Square Peg
- Type: Private
- Industry: Film; Television;
- Founded: June 20, 2019; 7 years ago
- Founder: Ari Aster; Lars Knudsen; ;
- Headquarters: New York City, New York, United States
- Key people: Ari Aster; Lars Knudsen; Emily Hildner (Head of TV); Tyler Campellone (producer); ;

= Square Peg (production company) =

American film and television production company

Square Peg (stylized in all caps) is an American production company co-founded by American filmmaker Ari Aster and Danish film producer Lars Knudsen. The company formed in 2019 and has produced over a dozen films and television shows. Square Peg primarily focuses on auteur-driven projects, including most of Aster's movies and those of Kristoffer Borgli (Dream Scenario and The Drama), Robert Eggers (The Northman), and Yorgos Lanthimos (Bugonia).

==History==
Aster and Knudsen first met to collaborate on Aster's 2018 directorial debut, Hereditary, with Knudsen producing. The two then launched Square Peg in 2019, just before the July release of Midsommar (2019), which Aster wrote and directed and Knudsen produced. At that time, the duo had "already begun putting together a slate with emerging artists" and were working toward Aster's next film, Beau Is Afraid (2023), along with plans to eventually branch into television.

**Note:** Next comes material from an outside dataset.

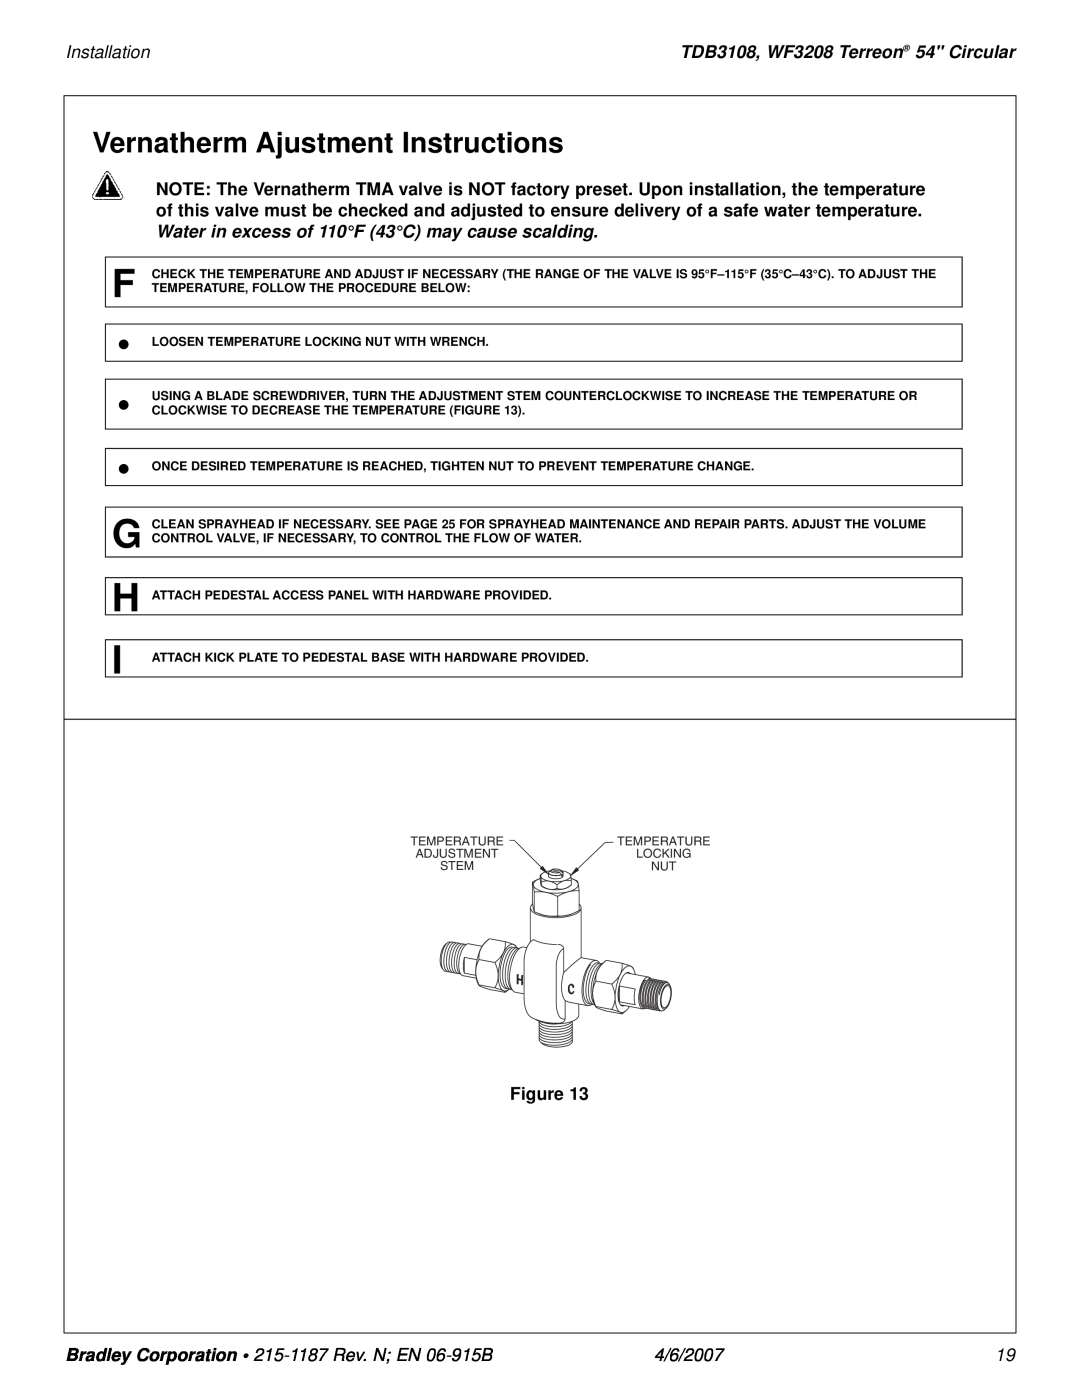 Bradley Smoker Vernatherm Ajustment Instructions, Installation, TDB3108, WF3208 Terreon 54 Circular, 4/6/2007

In March 2021, it was announced that Square Peg had entered a two-year, first-look television deal with entertainment company A24, with Emily Hildner joining Square Peg as Head of TV.

While Beau Is Afraid was in theaters, Square Peg also had two other projects in post-production. The company planned to develop three to four feature films per year. At that time, Square Peg was also moving into the TV space, developing several adaptations, including those for J. G. Ballard's The Drowned World, the Japanese horror anime Uzumaki, and Nick Dranso's novel Acting Class.

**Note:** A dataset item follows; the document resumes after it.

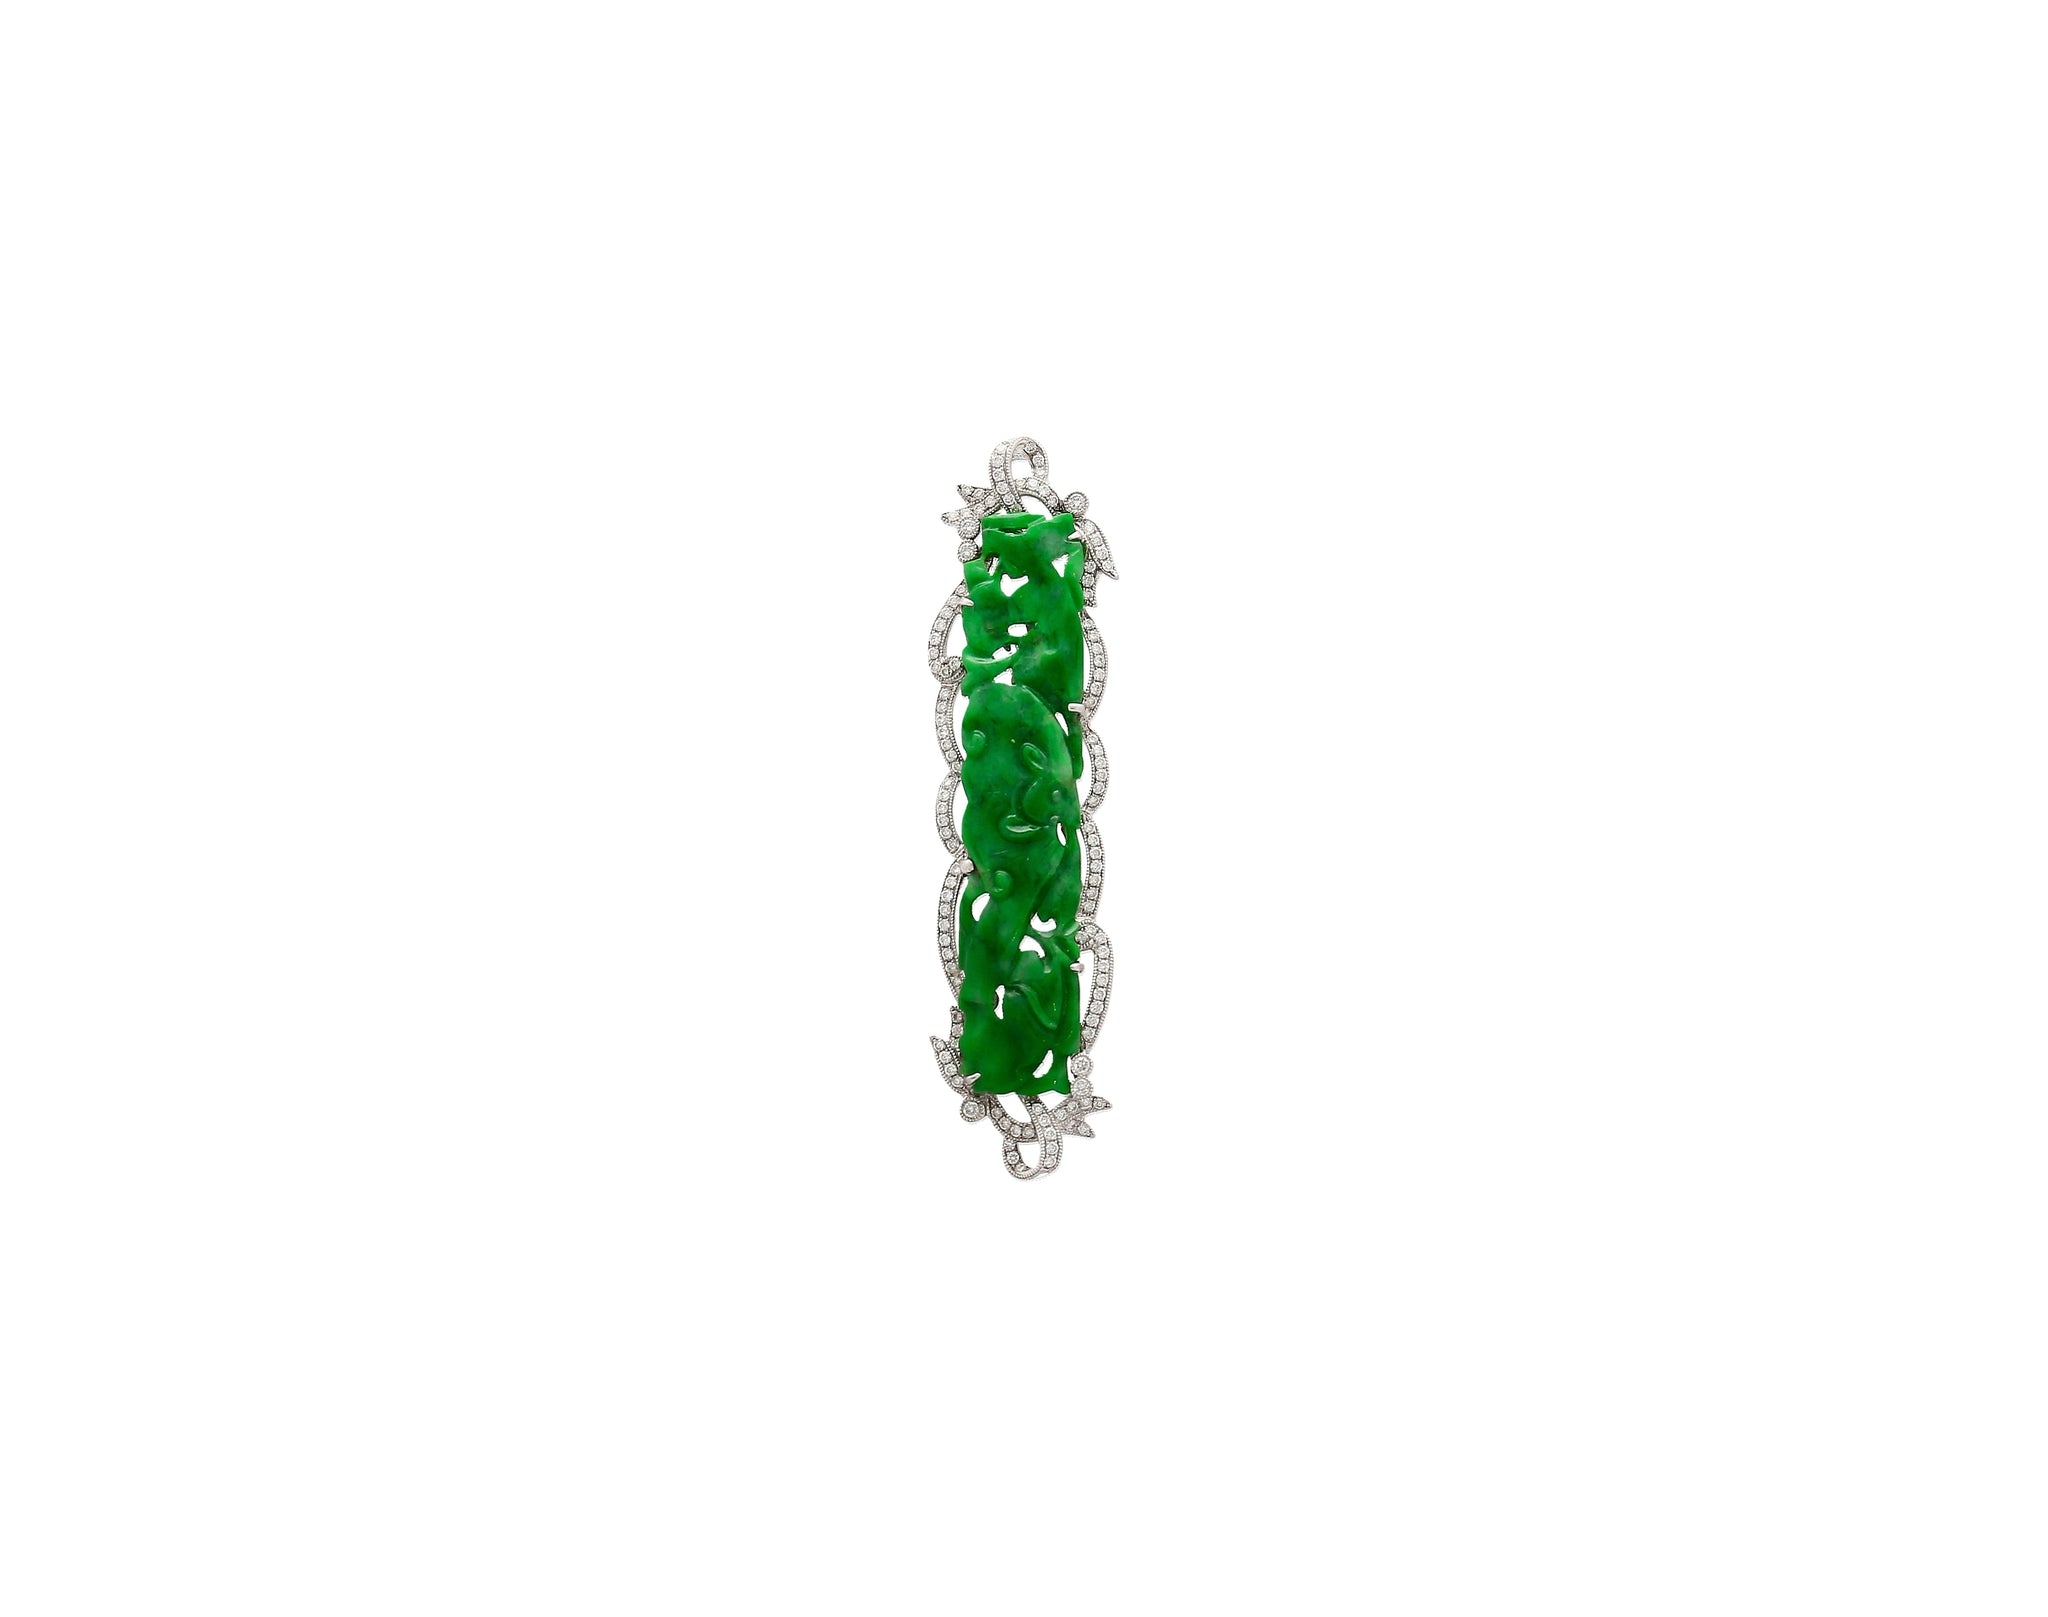 18.20 Carat Carved Dragon Green Jadeite Jade Grade "A" & Diamonds Pendant & Pin Crossover

In April 2023, Square Peg was made up of a five-person staff.

In February 2024, it was reported that Square Peg would produce James M. Johnston's feature directorial debut, a Ultimate Fighting Championship (UFC)-inspired drama called Strawweight. Lupita Nyong'o and Chloë Grace Moretz were attached to star in the film.

In May 2024, it was reported that Focus Features had acquired the film rights to Yorgos Lanthimos' Bugonia (2025), a film produced by Lanthimos, along with Square Peg and several other production companies: Element Pictures, Fruit Tree, and CJ ENM. The film would go on to receive four Oscar nominations: Best Picture, Best Actress (for Emma Stone), Best Adapted Screenplay, and Best Original Score.

In August 2024, it was announced that Square Peg would produce The Drama (2026) in another collaboration with Norwegian filmmaker Kristoffer Borgli and A24. The film would star Zendaya and Robert Pattinson.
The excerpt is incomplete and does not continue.